We tested the hypothesis that the HD/manganese interaction effect on the ATM-p53 pathway is related to a generic metal response pathway by exposing the mouse striatal neuroprogenitors to other divalent metal ions (Cd2+, Co2+, Cu2+, Ni2+, and Zn2+) and assessing ATM phosphorylation targets (Fig. 9B and E). The same concentration (50 µM) was used for all the metals except copper (100 µm) and cadmium (20 µm), as higher concentrations of cadmium resulted in cytotoxicity (11). We found that other metals either significantly increased (Cd2+, Co2+), decreased (Ni2+, Zn2+) or did not affect (Cu2+) p53(S15) and H2AX(S139) phosphorylation; however, except for cadmium (Cd2+), the changes in p53 phosphorylation were quite small compared with that observed with manganese. None of these other metals, however, showed an HD-dependent deficit in p53(S15) phosphorylation.

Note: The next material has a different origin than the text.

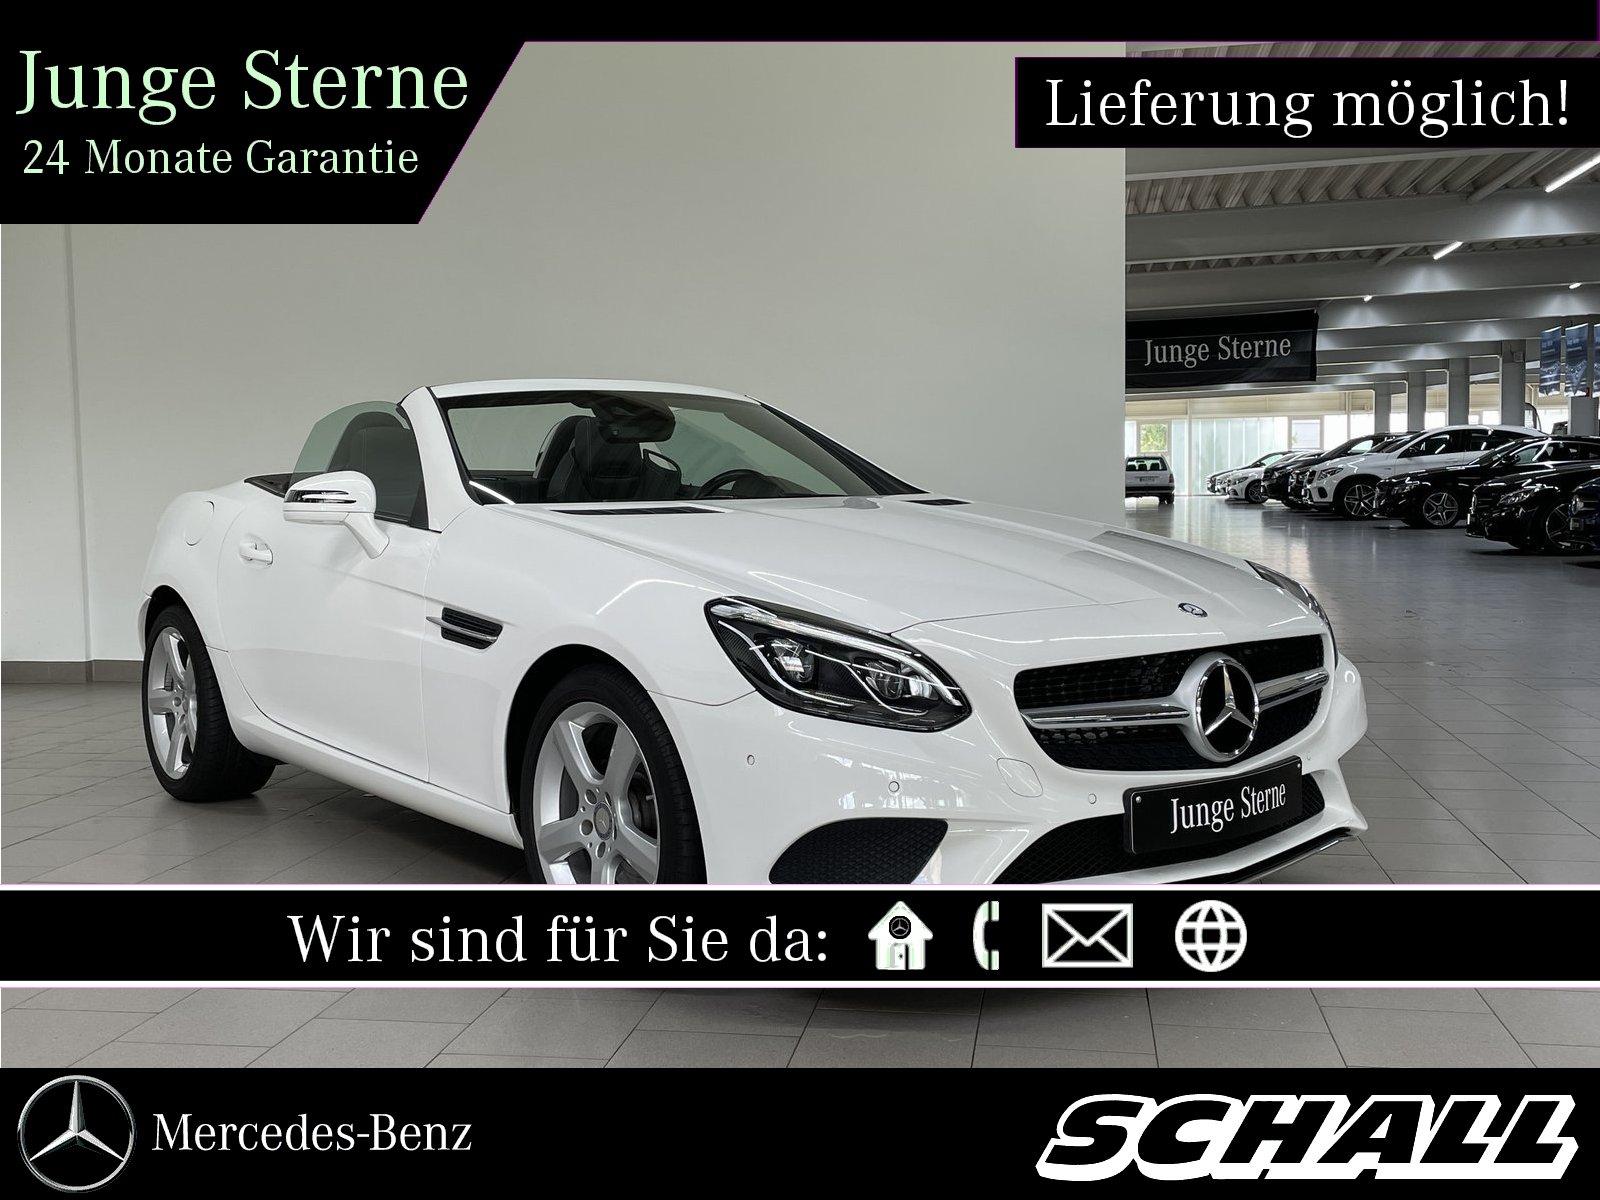 Mercedes-Benz SLC 200 AIRSCARF+LEDER+LED ILS+COMAND+TOTWINKEL, Jahr 2016, Benzin

We tested the hypothesis that the HD-dependent differences in ATM activity at 24 h may be due to altered response kinetics to manganese (e.g. peak response of p53 activation occurring at different times post-exposure). We performed a time-course experiment on the STHdh cells with 50 µm manganese (see Fig. 9C and F [for 1, 3 and 24 h exposures] and Supplementary Material, Figure S9 [for 1, 3, 6 and 24 h exposures]) and saw a continuous accumulation of p53(S15) and H2AX(S139) phosphorylation over the 24 h period in the control line (STHdhQ7/Q7). The HD line (STHdhQ111/Q111) did not show manganese-induced phosphorylation of p53 or H2AX at any of the time points, indicating that the difference in ATM activity observed between control and HD lines was not the result of a difference in temporal response patterns. Together, these observations demonstrate a manganese-specific deficit in ATM activation in HD not observed with other known activators of ATM kinase.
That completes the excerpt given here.